“Will blond hair and plastic breasts play in China?”

That’s the sub-head of this article on the new Barbie store that opened in Shanghai yesterday. It’s well worth a read:

Barbie’s made-in-China makeover is part of a push to re-brand the iconic American doll on the eve of her 50th birthday. With domestic sales slumping, Mattel has set its sights on China, hoping to the weather the financial storm in the relative calm of the country’s vast — and comparatively untapped — consumer market.

The plan is to turn America’s favorite doll into fashion fodder for China’s upwardly mobile, trend-setting elite. By moving up-market and focusing on Barbie-branded merchandise, the company hopes to widen profit margins and attract a new demographic: Chinese women.

But, will they buy it?

Summer Wang, an assistant at a film production company, certainly will. “Barbie is beautiful like a princess,” she said. “And every Shanghai girl wants to be a princess.”

With malls closing, construction grinding to a halt and a general sense of malaise creeping in, will Chinese consumers continue to keep American companies afloat? I guess that’s the trillion-dollar question. I’m sure every Shanghai girl really does want to be a princess. Will mom and dad continue to finance this dream?

The Discussion: 2 Comments

I’m not a China marketing expert but I fail to see how this will be successful. I hope they did a test marketing study before launching this six-story, 38,000-sq.-ft. Barbie superstore in Shanghai. If it will fly, at least hey picked the right city. Mattel is hurting badly here in North America, and have tried to branch out into adult clothing. I don’t think they’ve done well, despite their previous years of success with Barbie and Ken. China Post says “Barbies have been available at major Chinese department stores for about five years, and knockoff “Barbie” children’s clothes and accessories can be found in any local market.”

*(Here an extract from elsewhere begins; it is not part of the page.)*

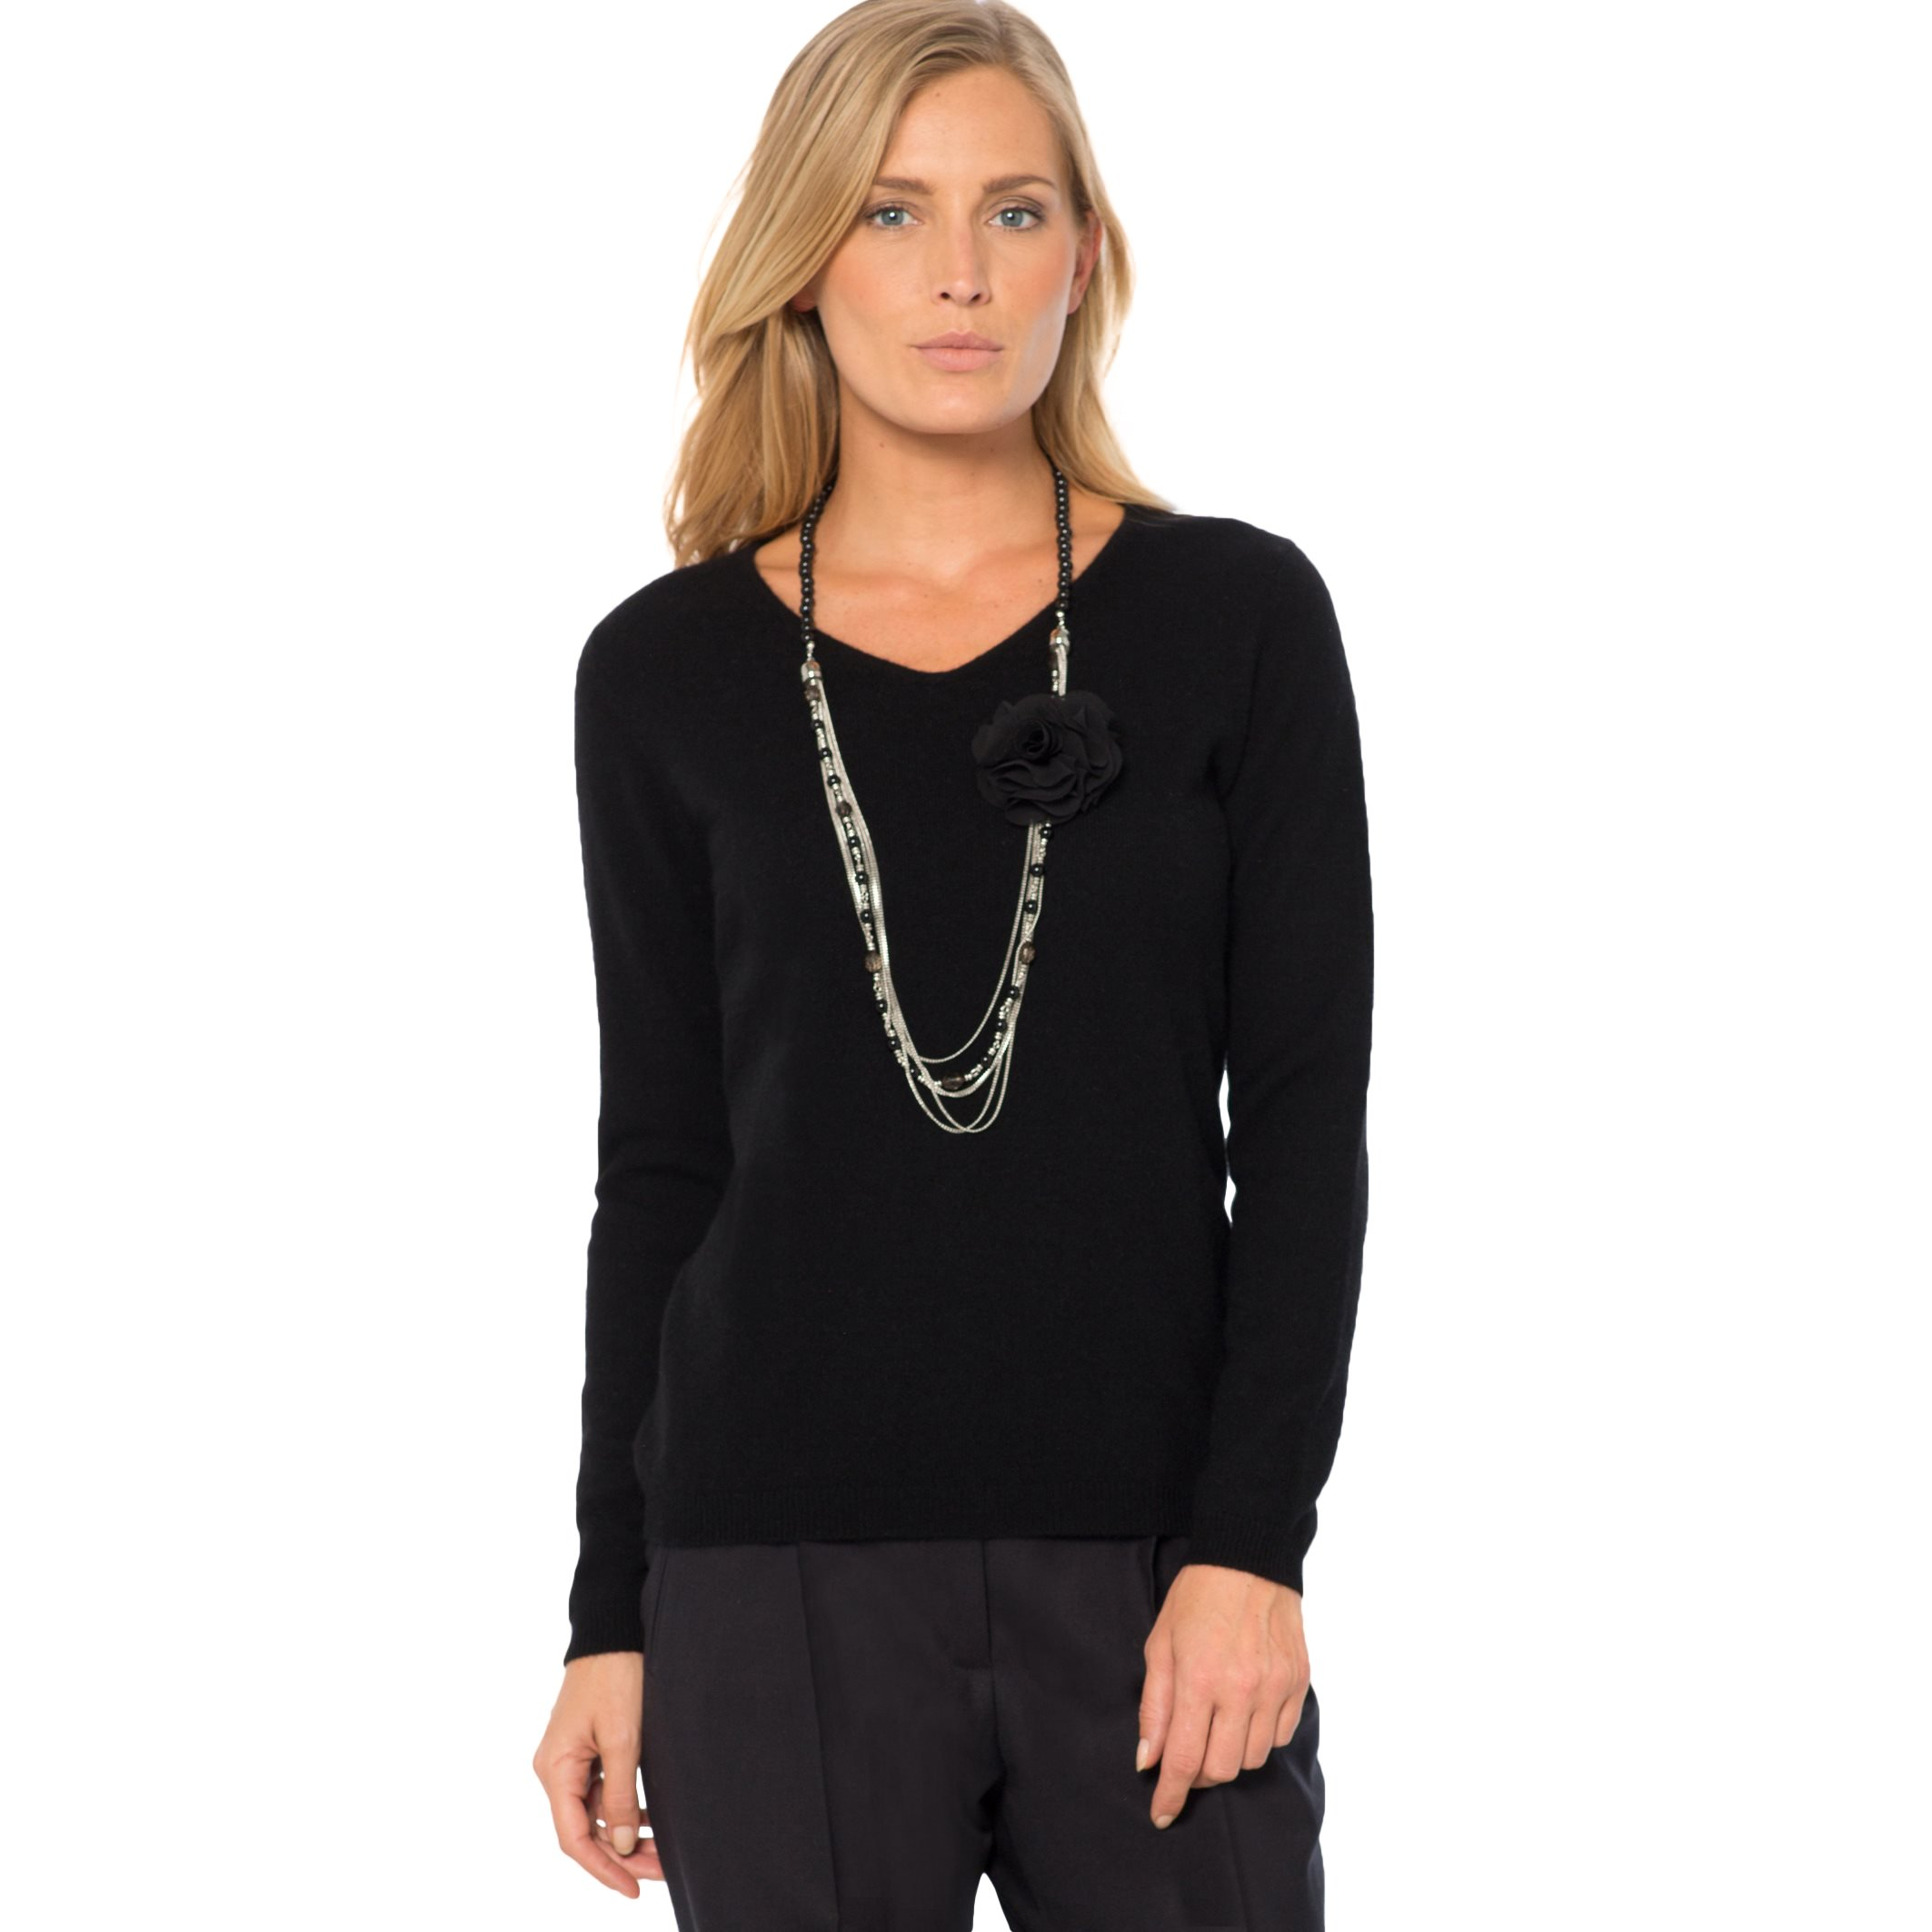 La Redoute Womens Fine Knit Cashmere V-Neck Jumper/Sweater Black Size Us 16/18 - Fr 46/48

This concept might work better in Japan, where there is more of a blond hair/blue eyes worship complex. Fool says “Mattel already has a Barbie clothing line for adults in Japan, although American pop culture icons tend to do well there.” I can see Japanese girls and women dressing like Barbie. Their manga characters also look, to me, like white people.

I just don’t think that girls who play with Barbies grow up wanting to buy adult Barbie clothing. Will women wear Barbie cosmetics and perfumes?

Personally I will not and have not bought my daughter a Barbie. China has many dolls for sale that all look, no surprise here, Chinese. Maybe Mattel will come out with a Chinese version of Barbie.

March 8, 2009 @ 12:20 am | Comment

The world’s first Barbie store is a work of genius

I can’t tell if the guy in the photo is uncomfortable or unhappy. This is sad. I take back all the negative thoughts and words I’ve spoken about McDonalds.

Only time will tell if this store is marketing genius or a dud.